Those moments were full of the terror of which, later, he could not rid himself. There seemed to be no end to the depth of the water in that place. But when his feet touched bottom, he was still deliberate in all that he did.
For a moment he let them rest on the rock. Then he gave himself a strong upward push. 53 It needed but little to bring him within reach of Billy Topsail’s hand. He shot out of the water and caught that hand. Soon afterwards he was safe on the wharf.[1]
“Sure, mum, I thought I were drownded that time!” he said to his mother, that night. “When I were goin’ down the last time I thought I’d never see you again.”

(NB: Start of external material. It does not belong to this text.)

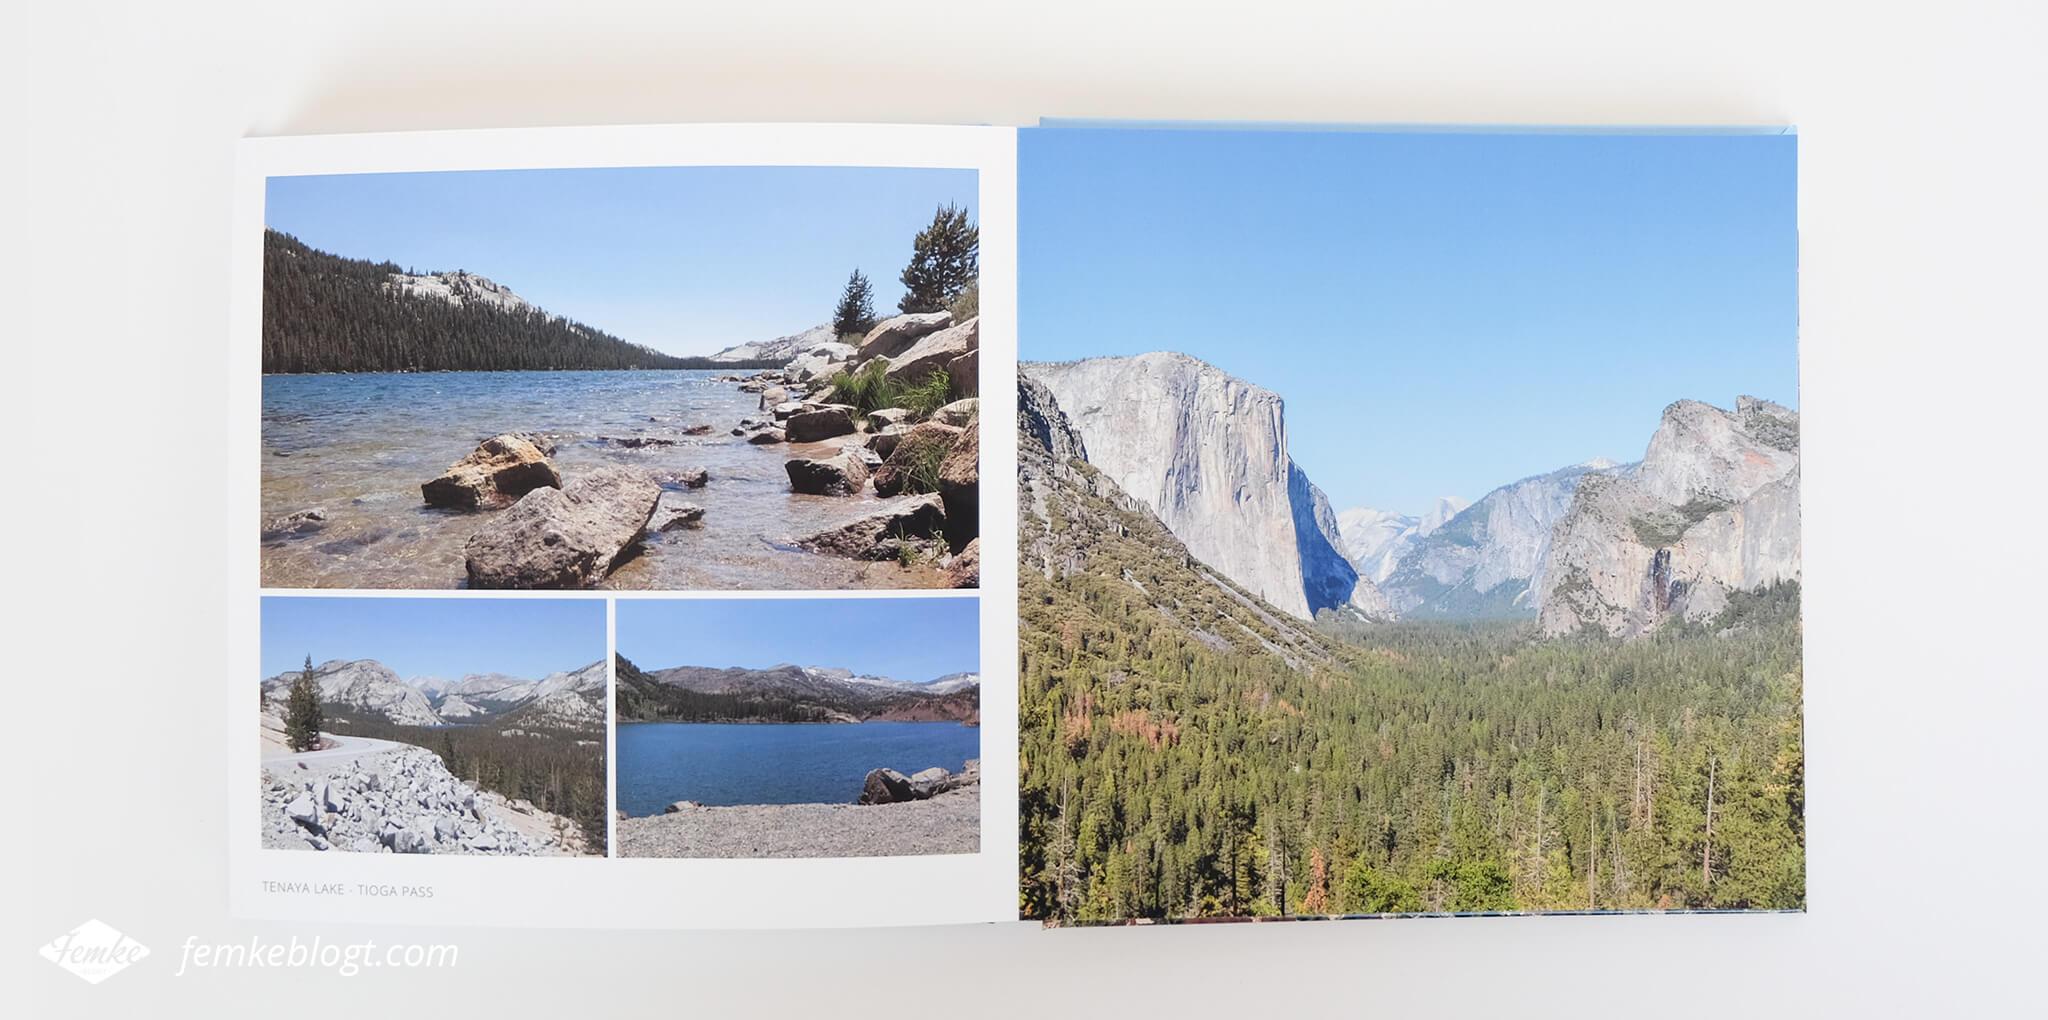 Mijn fotoboek van onze rondreis door Amerika | Fotoboek maken, ontwerpen en design tips

“But you wasn’t drownded, b’y,” said his mother, softly.
“But I might ha’ been,” said he.
There was the rub. He was haunted by what might have happened. Soon he became a timid, shrinking lad, utterly lacking confidence in the strength of his arms and his skill with an oar and a sail; and after that came to pass, his life was hard. He was afraid to go out to the fishing-grounds, where he must go every day with his father to keep the head of the punt up to the wind, and he had a great fear of the wind and the fog and the breakers. But he was not a coward. On the contrary, although he was circumspect in all his dealings with the sea, he never failed in his duty.
In Ruddy Cove all the men put out their salmon nets when the ice breaks up and drifts away southward, for the spring run of salmon then begins. These nets are laid in the sea, at right angles to the rocks and extending out from them; they are set alongshore, it may be a mile or two, from the narrow passage to the harbour. The outer end is buoyed and anchored, and the other is lashed to an iron stake which is driven deep into some crevice of the rock.
When belated icebergs hang offshore a watch must be kept on the nets, lest they be torn away or ground to pulp by the ice.
“The wind’s haulin’ round a bit, b’y,” said Donald’s father, one day in spring, when the lad was twelve years old, and he was in the company of Jimmie Grimm and Billy Topsail on the sunny slope of the Broken Nose. “I think ’twill freshen and blow inshore afore night.”